33 comments
  • canyon2897d

    Hey folks, I'm on the Gemma team, we released new model(s) just recently, and I saw many questions here about function calling. We just published the docs to detail this more. In short Gemma3's prompted instruction following is quite good for the larger models and that's how you use the feature.

    You don't need to take our word for it! We were waiting for an external and independent validation from the Berkeley team, and they just published their results. You can use their metrics to get a rough sense of performance, and of course try it out yourself in AIstudio or locally with your own prompts.

    https://gorilla.cs.berkeley.edu/leaderboard.html

    Hope you all enjoy the models!

    • brianjking6d

      Thanks, Gemma is fantastic and that it supports function calling is great.

    • chadash4d

      so if i'm reading this correctly, it's essentially prompt engineering here and there's no guarantee for the output. Why not enforce a guaranteed output structure by restricting the allowed logits at each step (e.g. what outlines library does)?

      • canyon2894d

        So in short there's no guarantee for any output from any LLM whether its Gemma or any other (ignoring some details like setting a random seed or parameters like temperature to 0). Like you mentioned though libraries like outlines can constrain the output, whereas hosted models often already include this in their API, but they can do so because its a model + some server side code.

        With Gemma, or any open model, you can use the open libraries in conjunction to get what you want.

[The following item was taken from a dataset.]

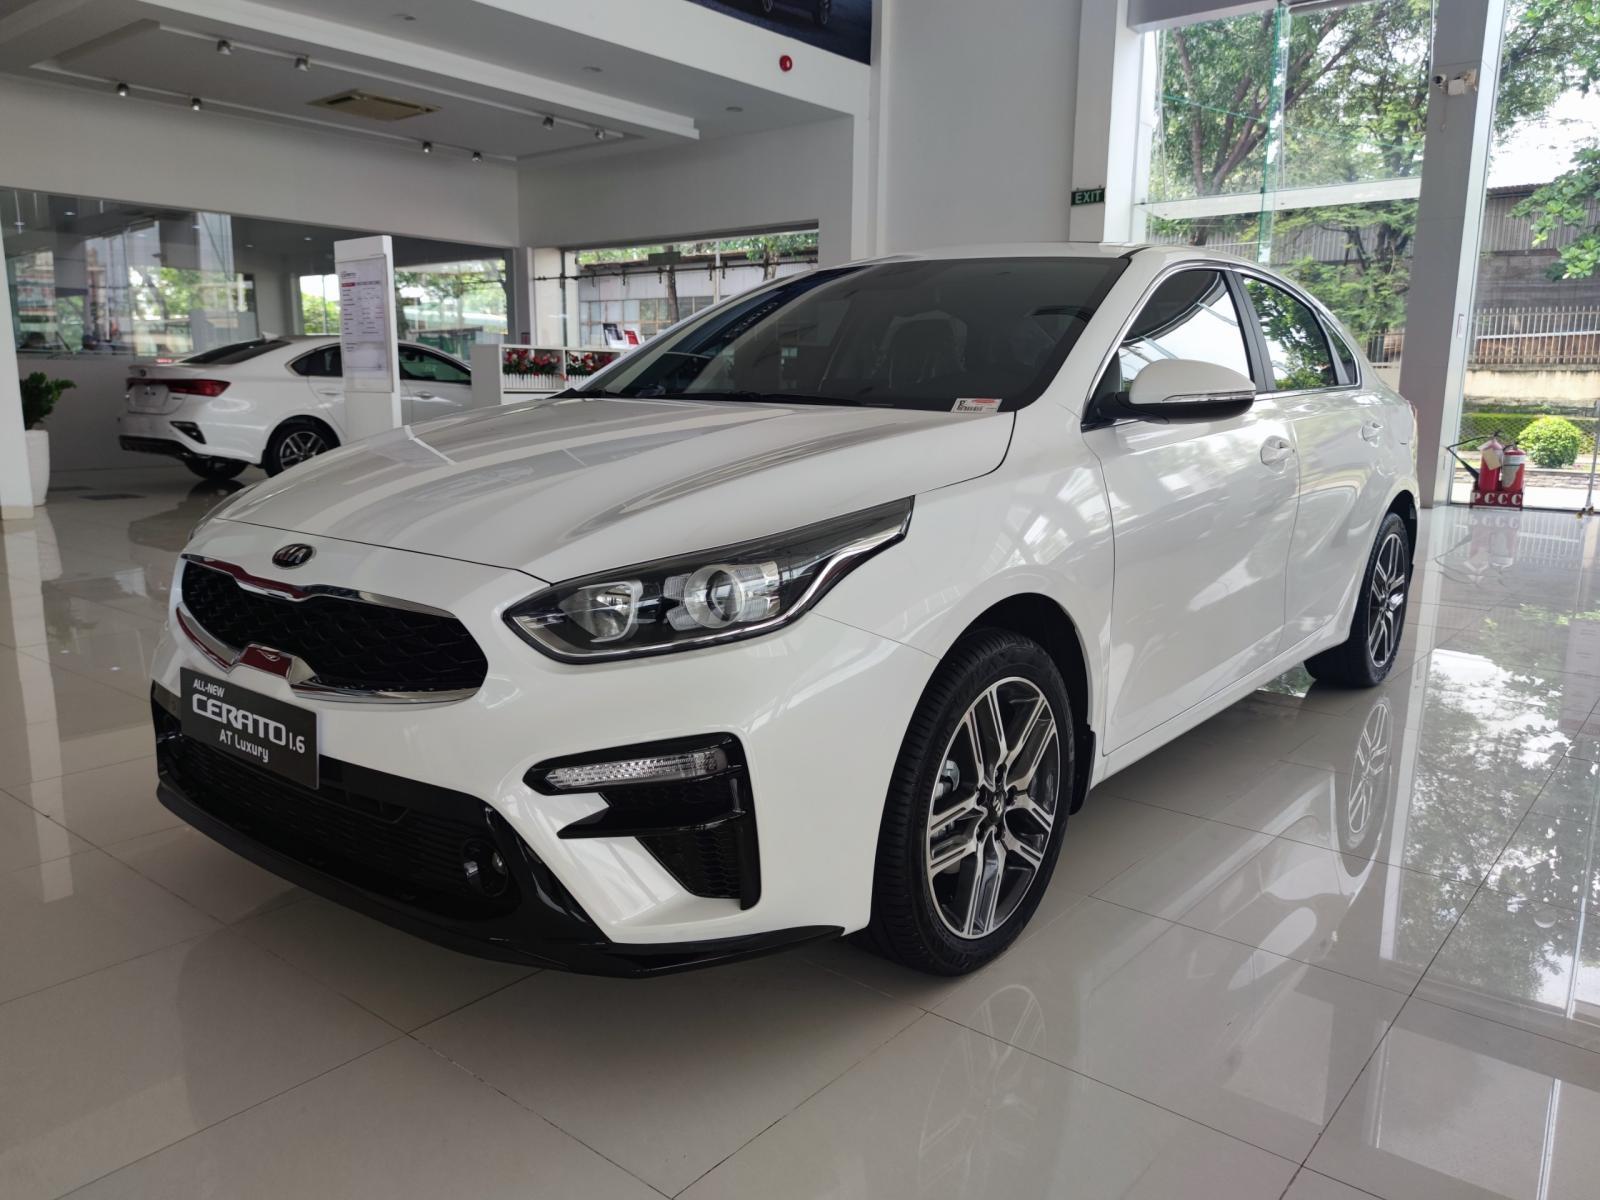 Kia Cerato khuyến mãi khủng tháng 7 chỉ từ 499 triệu,giá tốt tại Kia Bình Phước

Some inference frameworks like Ollama include structured output as part of their functionality.

        But you mentioned all of this already in your question so I feel like I'm missing something. Let me know!

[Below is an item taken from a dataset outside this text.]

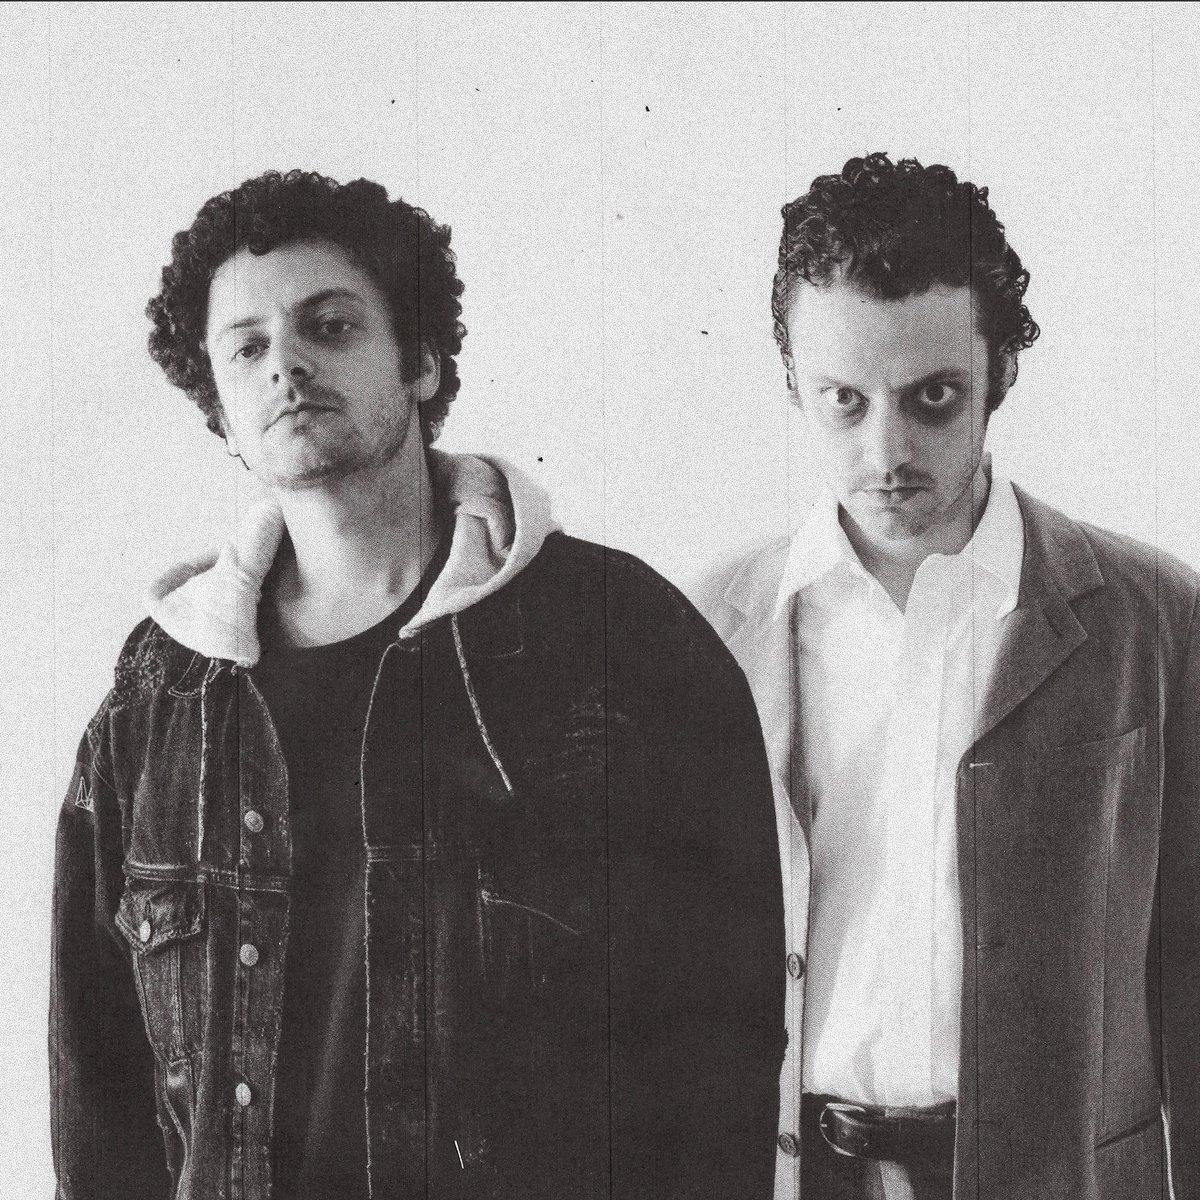 """.@MikeShinoda ist Co-Produzent und Mentor des neuen Songs """"Riptide"""" von @grandson (und keine Sorge: die Gestalt rechts auf dem Foto ist nicht Mike nach einer harten Nacht ). Das Musikvideo gibt's hier: https://wmg.cc/2PnyjROpic.twitter.com/H1W6OJg9h7"""

        But I think you already mentioned all this in your response so I might be missing the question?

        • programmarchy3d

          With OpenAI models, my understanding is that token output is restricted so that each next token must conform to the specified grammar (ie json schema) so you’re guaranteed to get either a function call or an error.

          Edit: per simonw’s sibling comment, ollama also has this feature.

          • canyon2893d

            Ah, There's a distinction here with model vs model framework. The ollama inference framework supports token output restriction. Gemma in AI Studio also does, as does Gemini, there's a toggle in the right hand panel, but that's because both those models are being served in the API where the functionality is present in the server.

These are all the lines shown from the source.